= Elastics (orthodontics) =

Rubber bands used in dentistry

Elastics are rubber bands frequently used in the field of orthodontics to correct different types of malocclusions. The elastic wear is prescribed by an orthodontist or a dentist in an orthodontic treatment. The longevity of the elastic wear may vary from two weeks to several months. The elastic wear can be worn from 12 to 23 hours a day, either during the night or throughout the day depending on the requirements for each malocclusion. The many different types of elastics may produce different forces on teeth. Therefore, using elastics with specific forces is critical in achieving a good orthodontic occlusion.

The term intermaxillary elastics is used when elastics can go from the maxillary to the mandibular arch. Intra-maxillary elastics are elastics used in one arch only, either mandibular or maxillary. People using elastics for orthodontic correction change their elastics three to four times during the day. Elastic wear is recommend to be used in a rectangular wire to minimize side effects. Elastic wear depends on the compliance of the patient. A non-compliant patient should never be instructed to continue wearing elastics, for whom other options may be considered.

==History==
Natural rubber, used by the Incan and Mayan cultures, was the first known elastomer. Charles Goodyear developed the process of vulcanization, after which the use of natural rubber increased. Henry Albert Baker is the first person known to have used elastics to correct the position of teeth. In the late 1800s he named his elastic wear the Baker Anchorage. Others, including Edward Angle, the father of orthodontics, suggest that Calvin Case was the first to use intermaxillary elastics.

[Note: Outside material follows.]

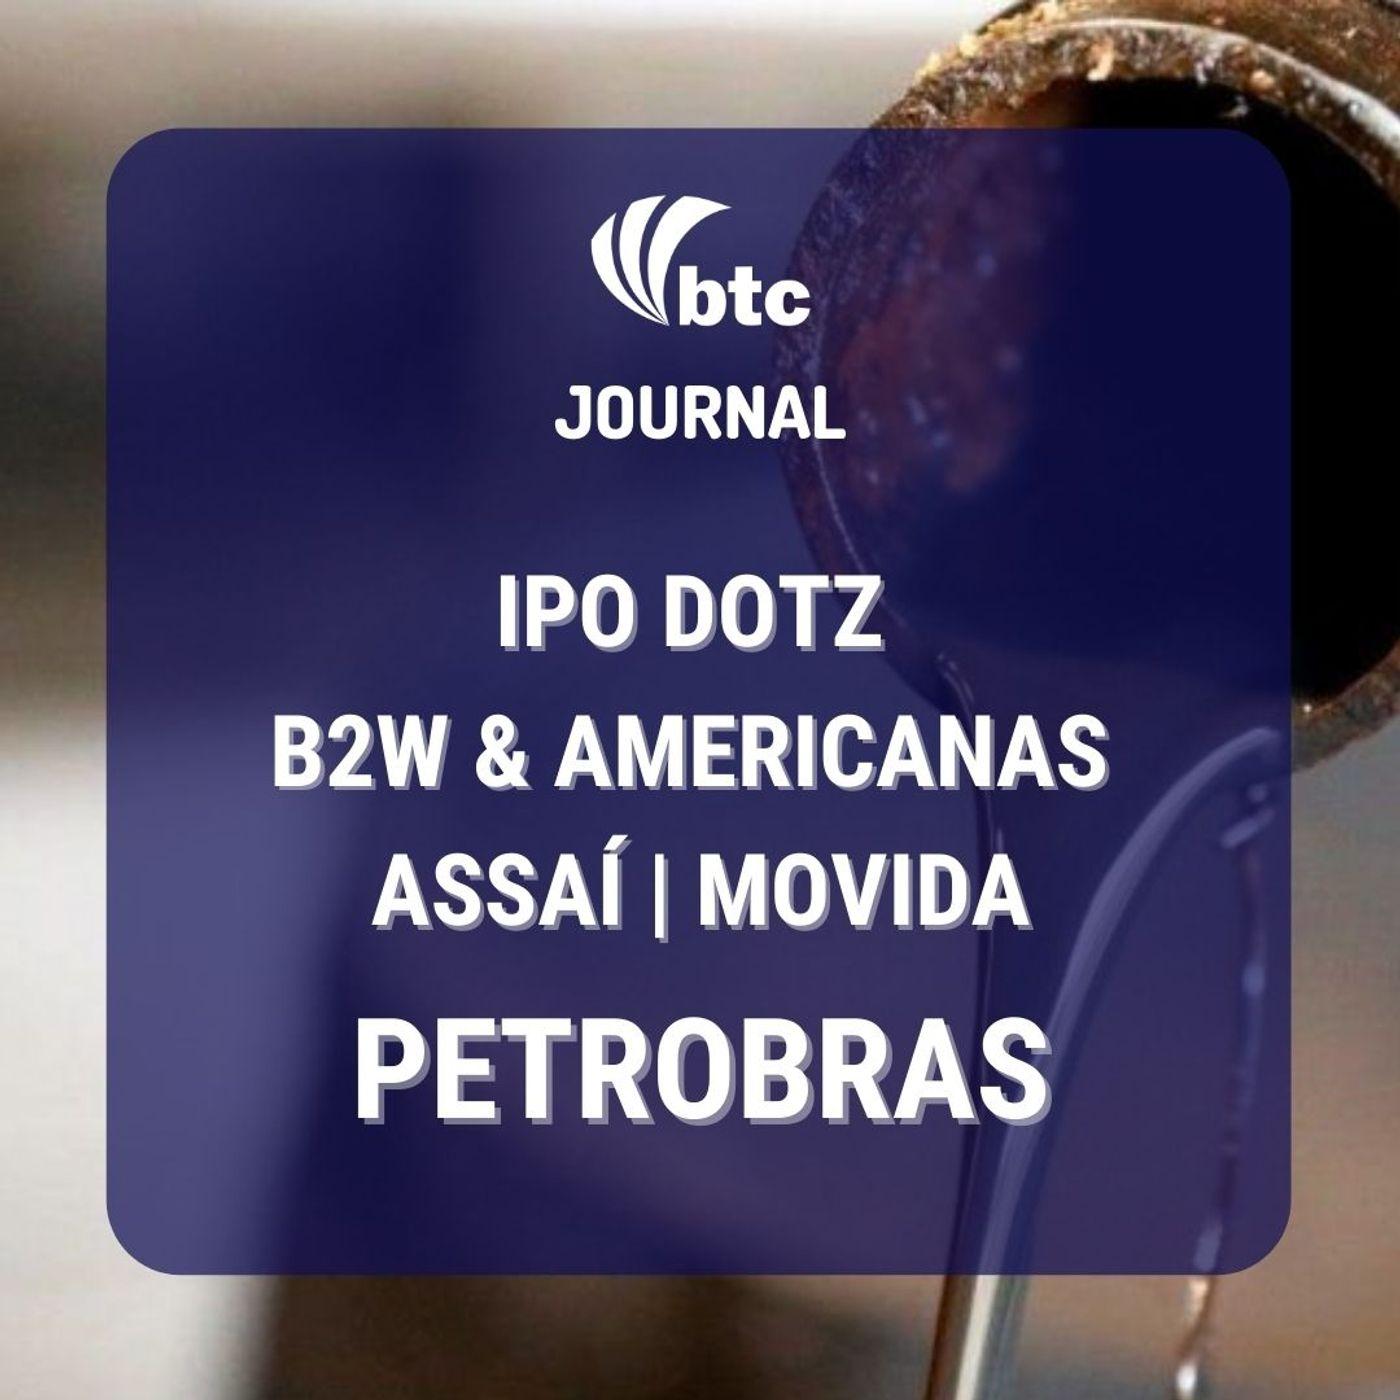 IPO Dotz e São Salvador, Petrobras, Volanty, B2W & Lojas Americanas e Cogna   BTC Journal 25/02/20
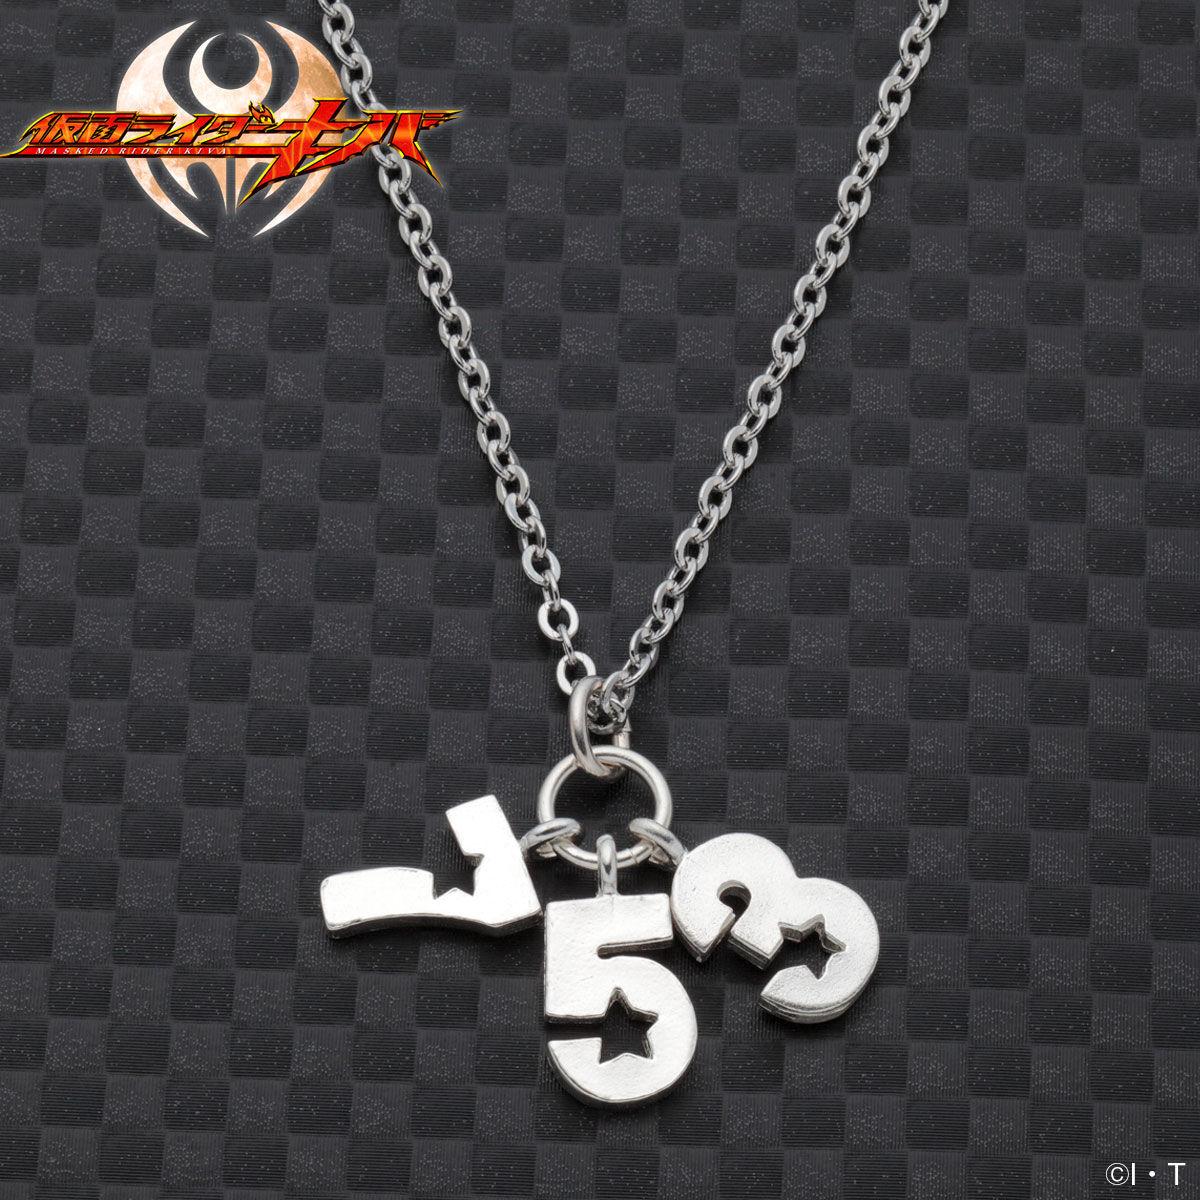 753 Necklace—Kamen Rider Kiva

Natural rubber is known to absorb water, and its elasticity deteriorates fairly quickly. Therefore, latex elastics became prominent in orthodontic usage in the early 1900s. Later synthetic elastics developed in the 1960s superseded other types of elastics for use in orthodontic correction.

==Elastic forces==
Elastics are available in many different type of forces. Following is the list of forces that can be found in different elastics. The forces and the labelling of the forces may depend on different manufacturers and types of elastics used. These forces pertain to intermaxillary elastics.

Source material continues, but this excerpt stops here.